▶ [Provided data]
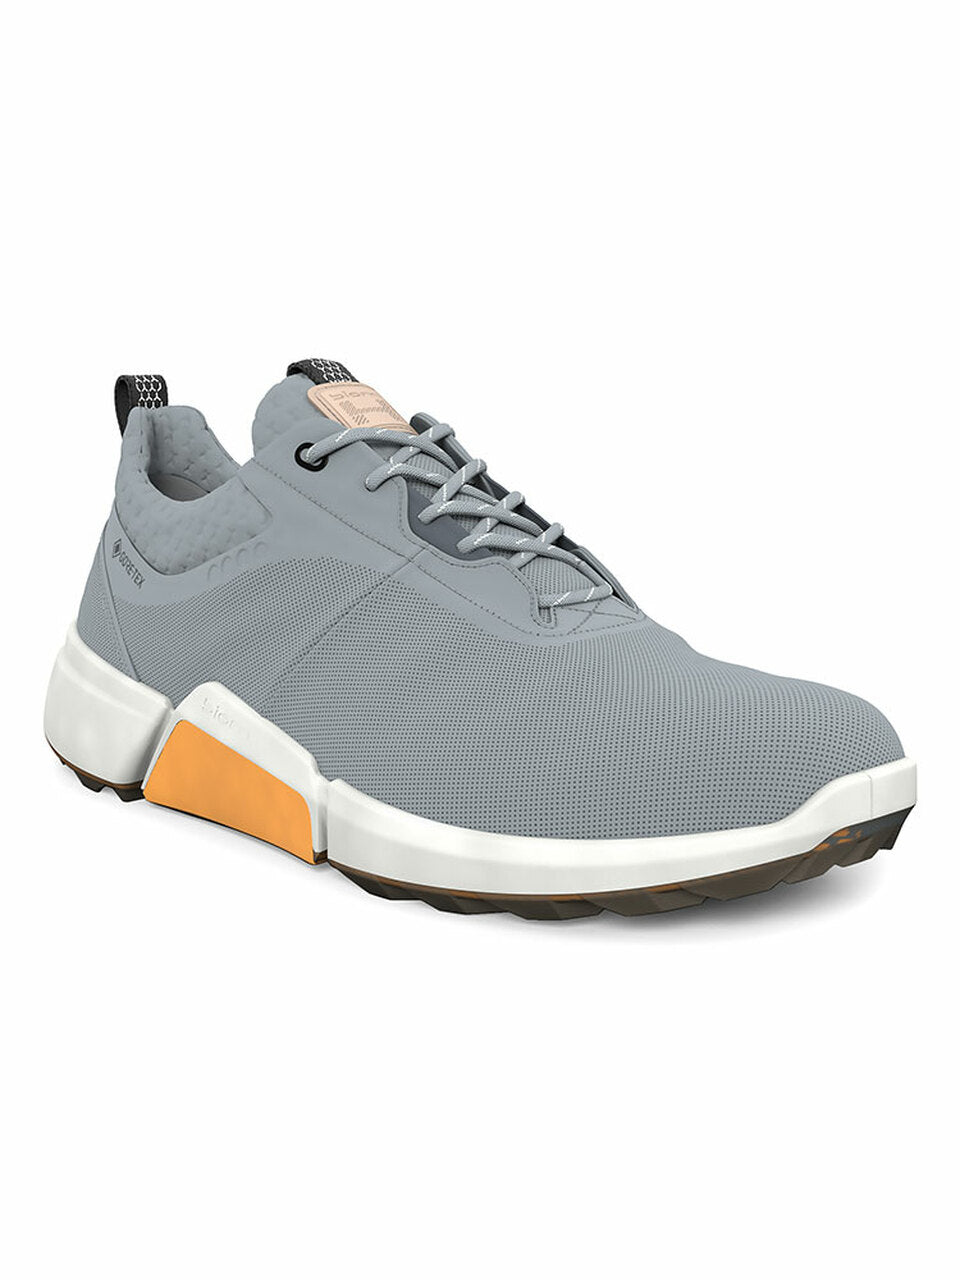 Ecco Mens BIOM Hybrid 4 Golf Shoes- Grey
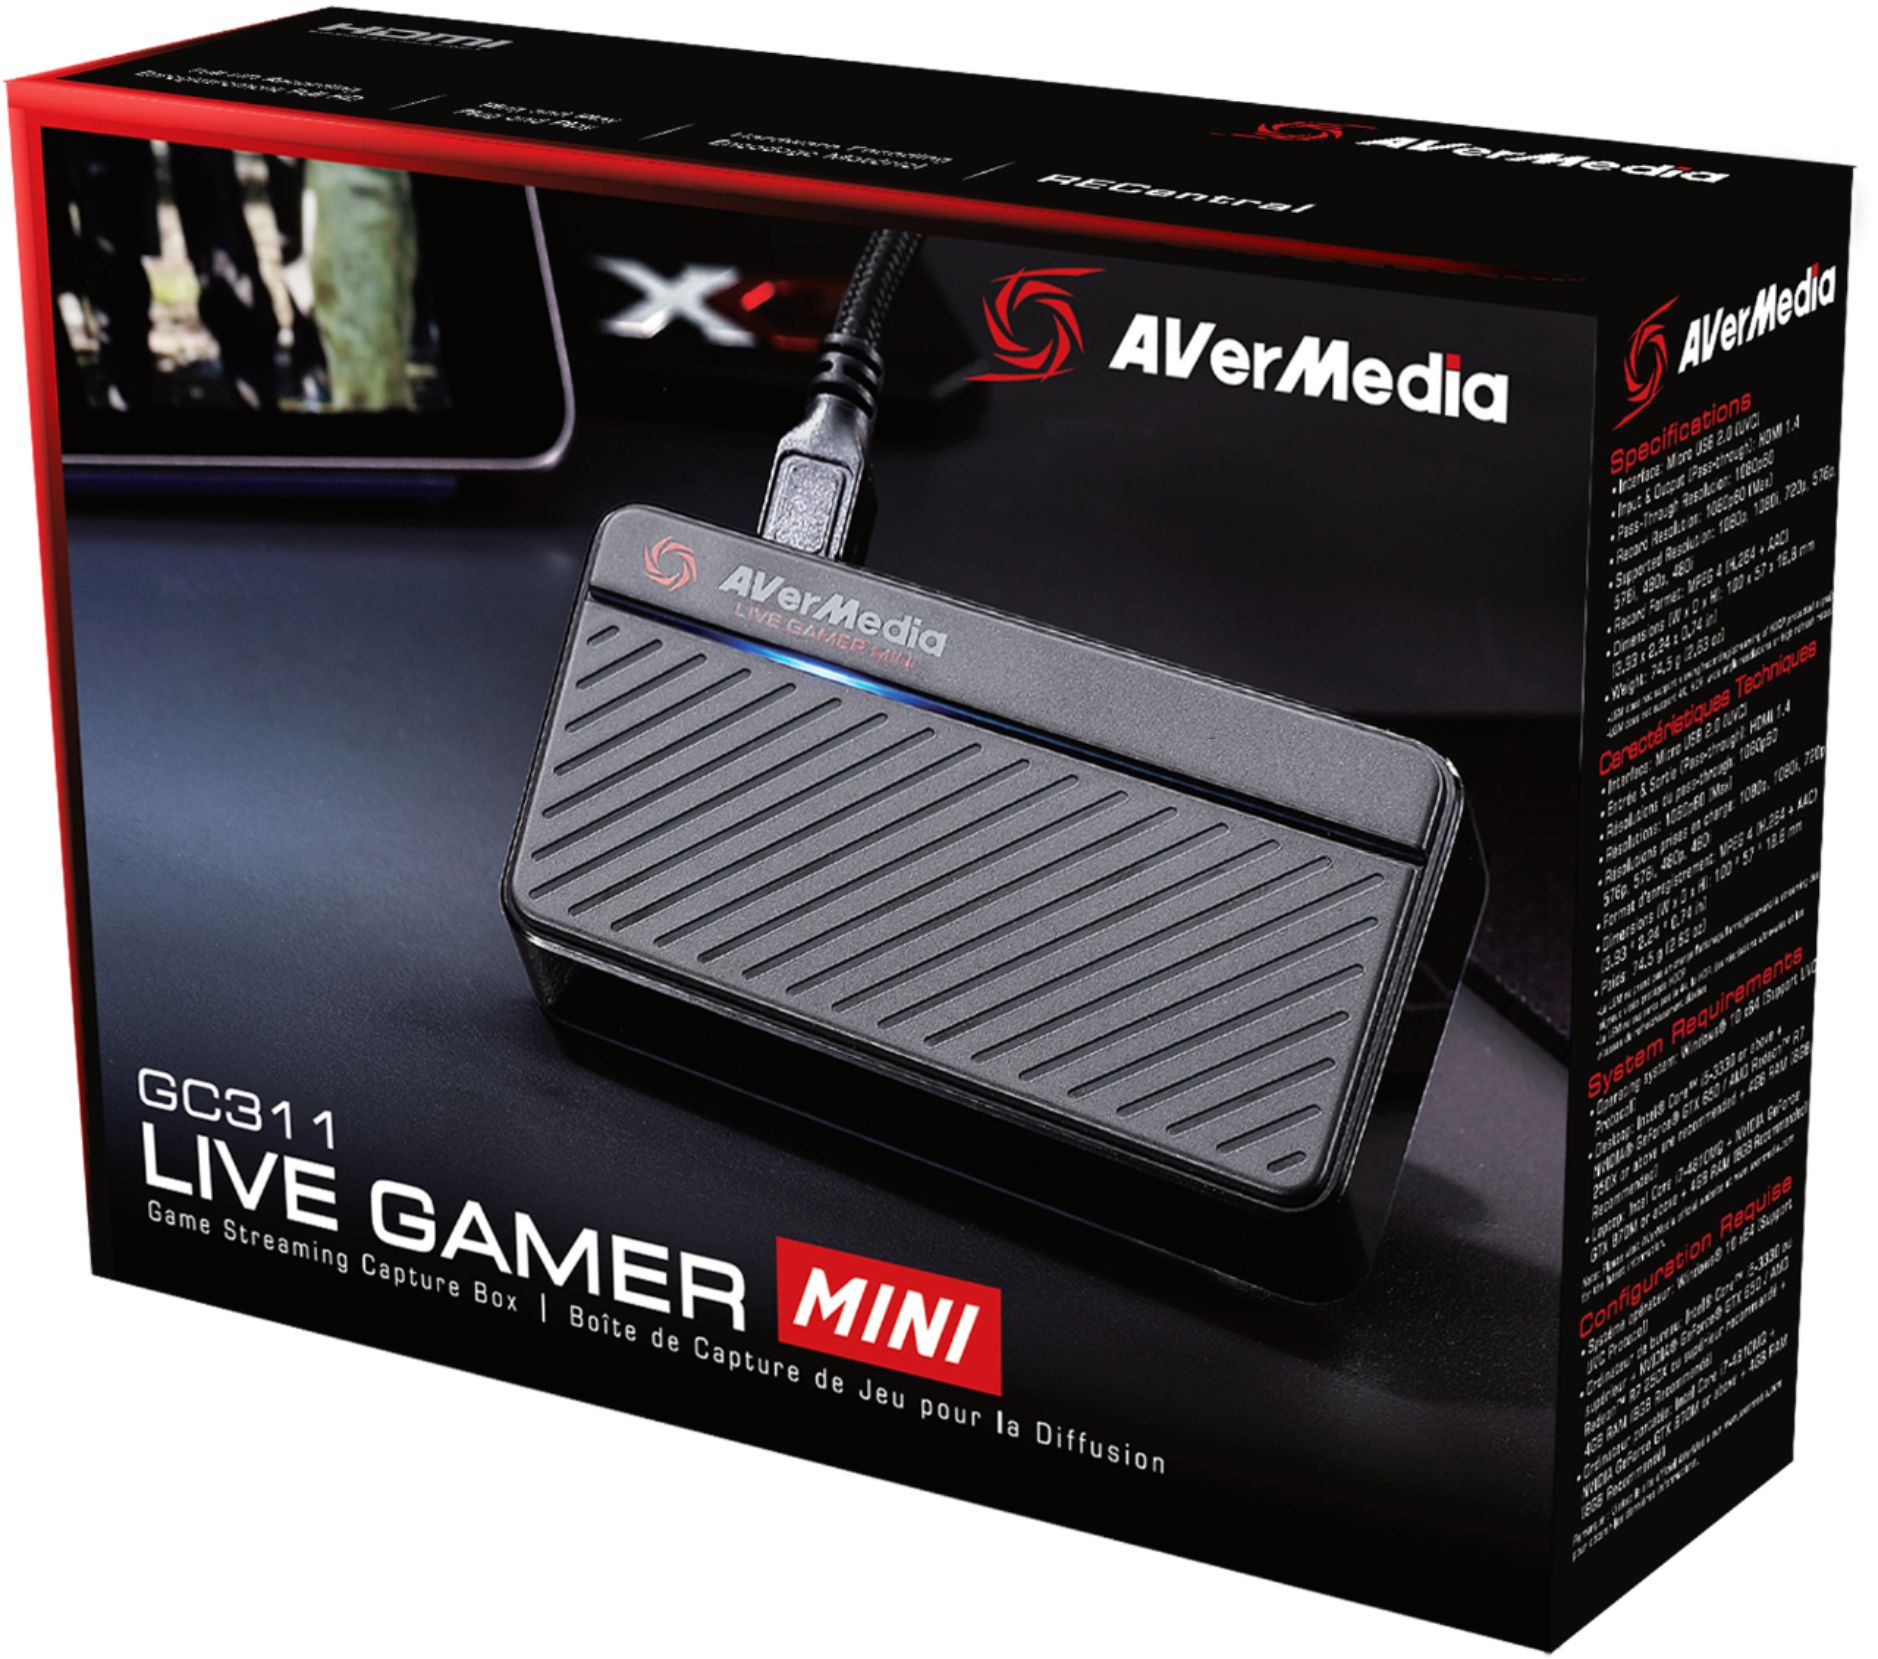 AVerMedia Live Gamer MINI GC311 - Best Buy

...

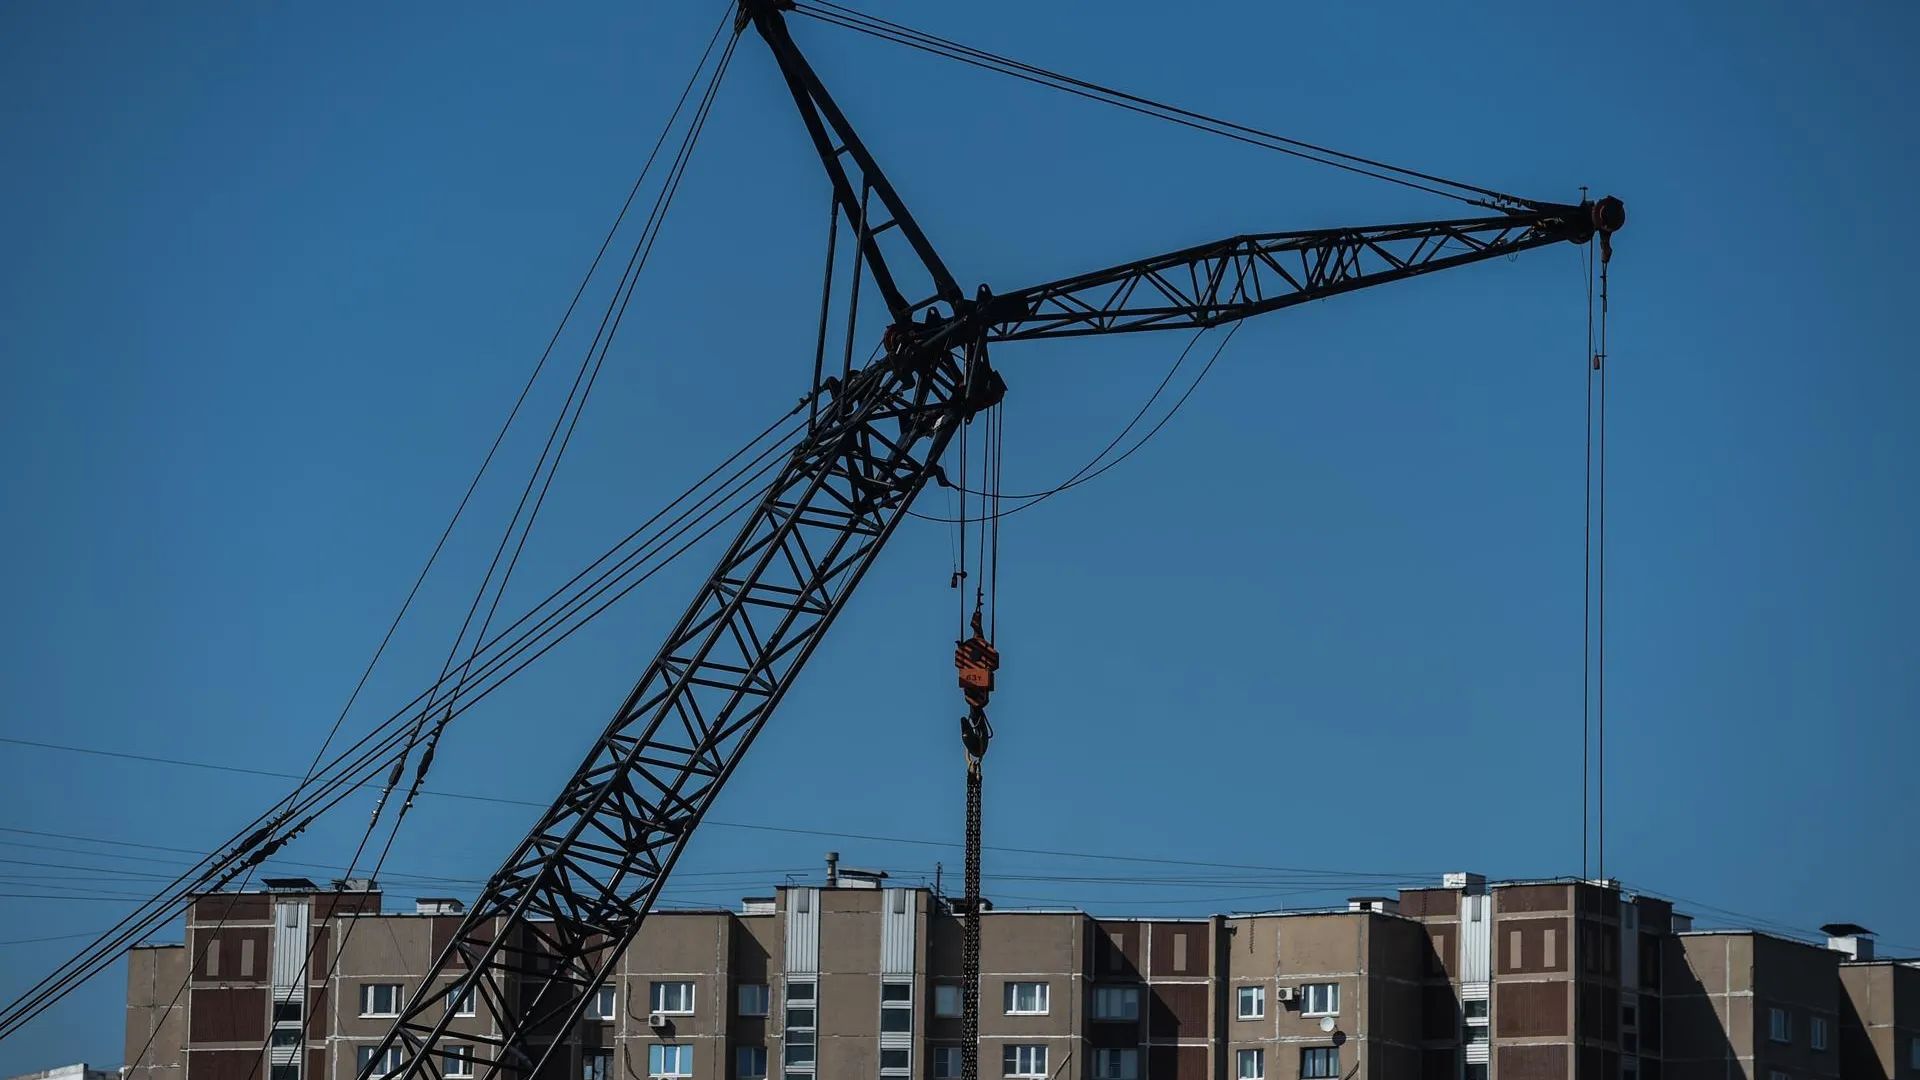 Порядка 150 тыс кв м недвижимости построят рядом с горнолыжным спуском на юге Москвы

...

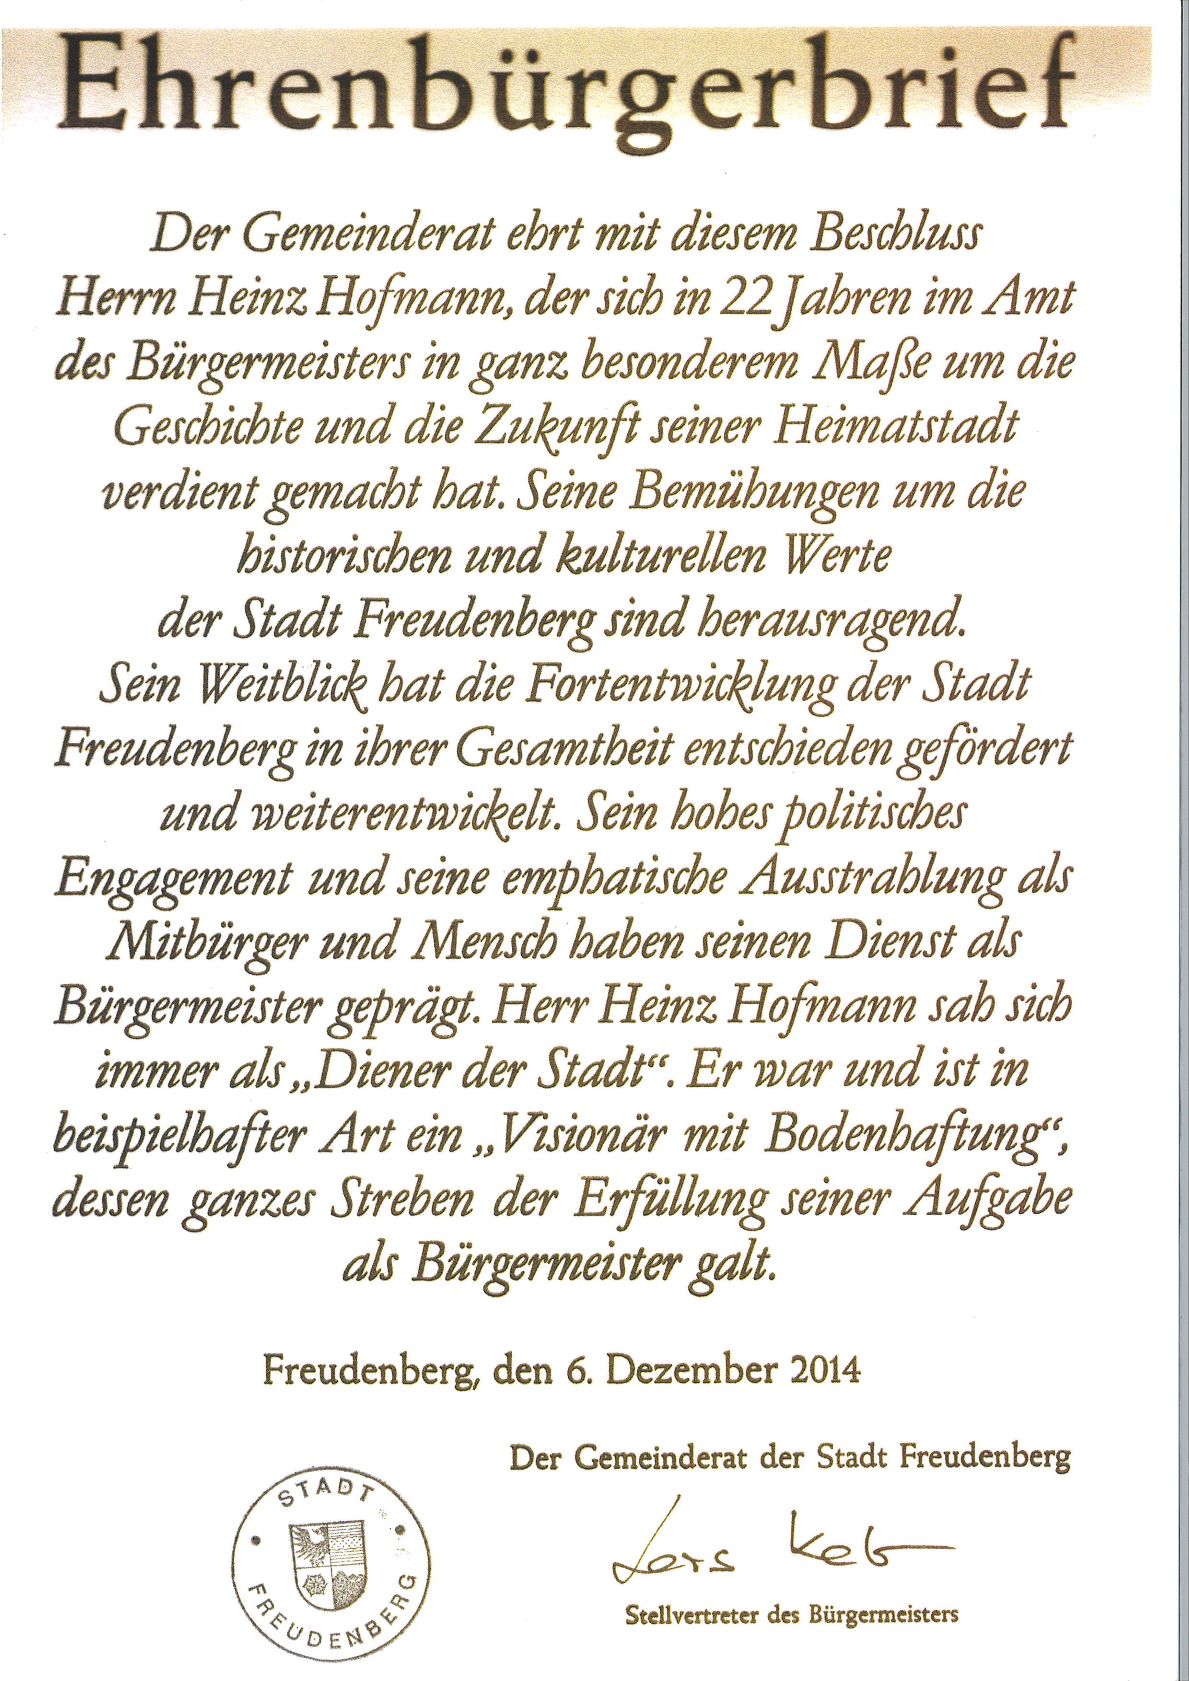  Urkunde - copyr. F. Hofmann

▶ [Your instructions]
Word for word, restate the lines above from the one with "Ecco Mens BIOM Hybrid 4 Golf Shoes- Grey" through the one with "AVerMedia Live Gamer MINI GC311 - Best Buy", keeping both ends and dropping the pictures.

▶ [Answer box]
 Ecco Mens BIOM Hybrid 4 Golf Shoes- Grey
 AVerMedia Live Gamer MINI GC311 - Best Buy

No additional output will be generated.